Шрифт:
ТАМАРА АРКАДЬЕВНА СЕРДИТСЯ
Федя постоял перед дверью своего дома, прислушался. Дверь неожиданно открылась. Отец улыбался, ласково смотрел на Федю.
— Ты где это пропадал, блудный сын?
— Папа, ты прилетел?! Ты долго дома будешь?
От радости Федя забыл свои печали. Стоял, не спуская сияющих глаз с отца, и держал его за руку.
— А у нас сбор был, и мы решили строить тепловоз… Завтра контрольная по арифметике…
— Рыжик, давай сбор временно отложим. Борщ стынет.
Так вот чем так вкусно пахнет! Ой, он едва живой от голода. А руки мыть обязательно?
Они вместе пошли к умывальнику, вместе вымыли руки и весело уселись за стол. Отец подвинул сыну тарелку с ароматным борщом.
— Рыжик, а хлеб? — напоминает он.
Ах, хлеб! Ну, чтобы не огорчить отца, можно и с хлебом.
Федя ест вкусный борщ и вспоминает бабушкины северные щи. И отец их помнит? Разумеется, помнит! Вот наступит лето, отпустят Федю на каникулы, и опять махнут они к Онежскому озеру. Будут с Тойво ездить на рыбалку, на охоту пойдут…
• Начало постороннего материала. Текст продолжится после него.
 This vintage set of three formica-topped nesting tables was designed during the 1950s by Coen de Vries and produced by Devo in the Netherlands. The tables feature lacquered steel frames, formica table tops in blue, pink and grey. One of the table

Но Тамаре Аркадьевне не нравятся разговоры за столом, поэтому они заканчивают обед молча.
— Федя, — говорит Тамара Аркадьевна, и в голосе ее слышится сдерживаемое раздражение, — ну никак ты не научишься сидеть за столом! Не горбись, не разваливайся… Ты уже не в деревне живешь.
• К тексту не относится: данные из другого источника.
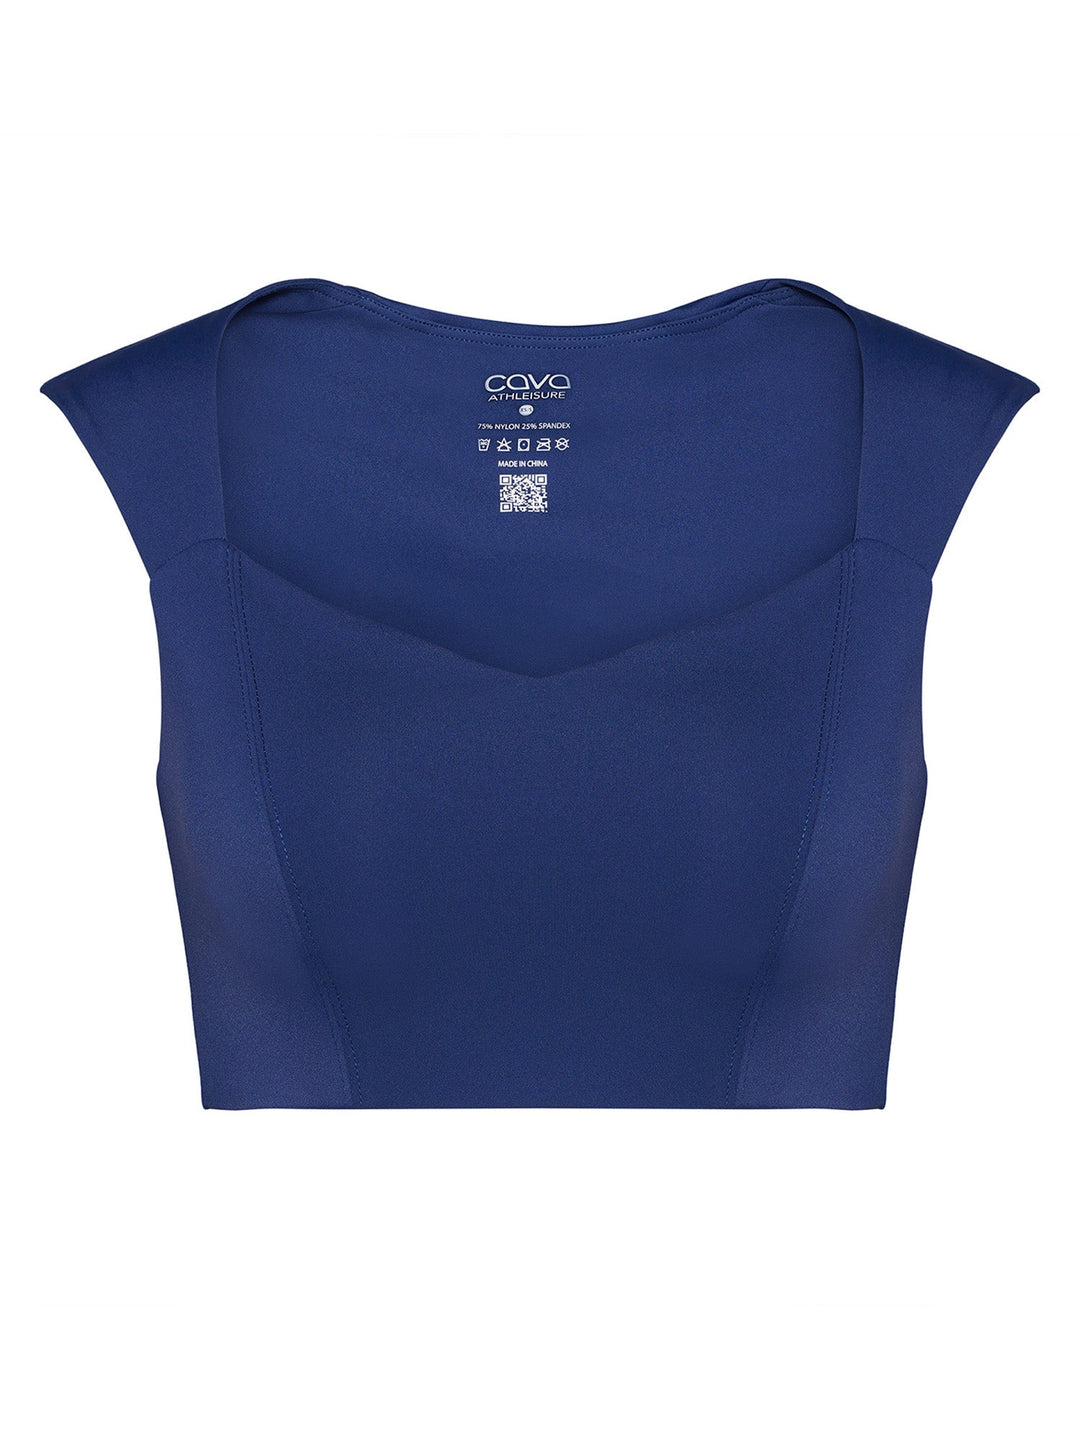 Royal Blue Radiant Sweetheart Neck top

Отец укоризненно взглянул на Тамару Аркадьевну, низко склонился над тарелкой.
После обеда сын садится заниматься — завтра контрольная по арифметике. Отец подсаживается к нему, выбирает самые трудные задачи.
— Как, Рыжик, одолеешь?
Рыжик морщит чистый лоб, пишет на черновике решение, задумывается, зачеркивает, снова пишет. Готово!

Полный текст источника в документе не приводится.